D'ici là, se disent les technocrates bruxellois, nous aurons tellement annihilé les procédures démocratiques que plus personne n'osera protester, et nous régnerons sur des masses apathiques et résignées. D'ici là, ajoutent-ils à voix basse, nous aurons de toute façon réussi l'homogénéisation des économies et des sociétés européennes vers le plus médiocre dénominateur commun. À ce moment, subsisteront dans chaque pays des semblances spectrales de gouvernement tandis que nous tirerons les fils des marionnettes dans l'ombre. À ce moment, nous aurons substitué aux identités collectives et individuelles une identité européenne aussi fabriquée et déconnectée de toute histoire que les monuments inexistants qui figurent sur les ternes billets d'un pays virtuel.
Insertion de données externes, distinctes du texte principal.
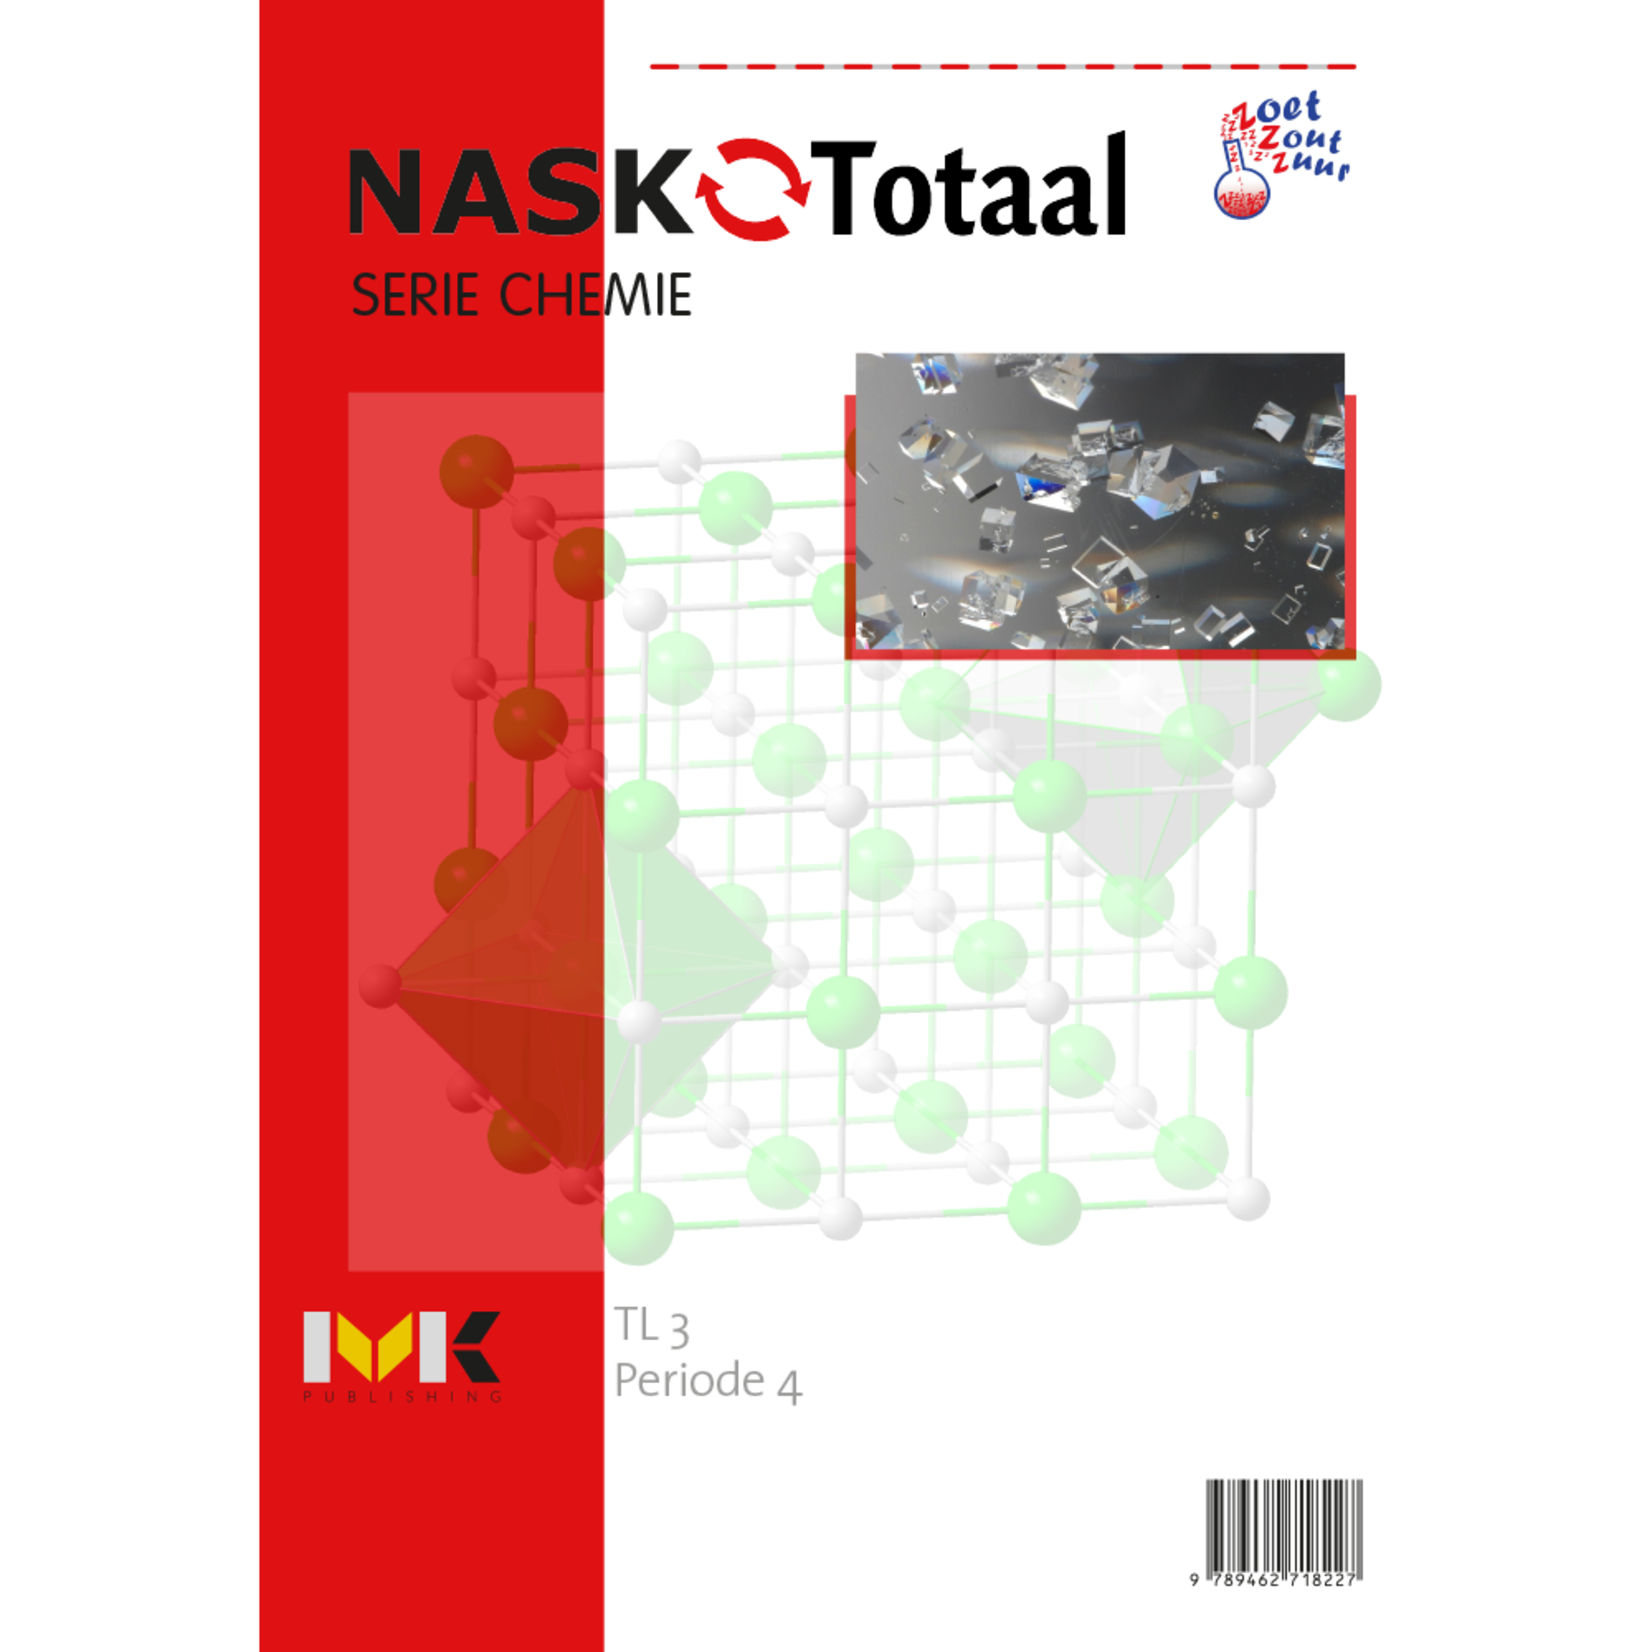 NASK-Totaal - Zoetzoutzuur serie chemie TL 3 - werkboek periode 4

À ce moment, dirais-je quant à moi, peut-être aussi les individus voudront-ils se réapproprier le pouvoir qu'on leur a confisqué et demanderont la liberté, la concurrence. Peut-être que les individus, voyant venir le cataclysme et le déclin accéléré, se révolteront contre les nouveaux maîtres. Souvent les révolutions cheminent dans des sociétés où la plupart des gens n'ont rien vu venir. Les révolutions naissent, en fait, de l'opposition frontale entre des gouvernants trop sûrs d'eux-mêmes et trop certains de la bêtise de la " populace ", et des gens du peuple qui, après avoir longtemps remâché intérieurement leur colère et leur amertume, les laissent éclater enfin.
L'aurions-nous oublié ? Les droits n'existent que parce qu'ils ont été conquis. Les marchands du Moyen Âge finissant sont devenus marchands parce qu'ils ont quitté le servage et les terres de leurs seigneurs. Un mépris et une haine tenace se sont attachés à leurs basques depuis, et il en flotte des relents alentour de la gauche-vison-caviar, lointaine héritière des seigneurs de jadis. Nous vivons une féodalité d'un nouveau genre. Je prends le pari que des gens, tôt ou tard, se lèveront pour refuser le nouveau servage. Il en est déjà qui se sont levés, d'ailleurs, et ils ont quitté les terres de leurs seigneurs pour partir au-delà de l'Atlantique. Il en faudra d'autres. Quand des individus sentent que c'est leur peuple et leur culture qu'on assassine, ils se découvrent quelquefois des forces inouïes et entraînent à leur suite d'autres individus jusqu'à ce que le droit revienne.
Il est d'autres cas aussi où les maîtres triomphent : ces autres cas sont décrits dans les livres où l'on parle des civilisations mortes. Les eurocrates parient sur la mort, et prétendent régner quelque temps sur les décombres. Ne leur donnons pas raison.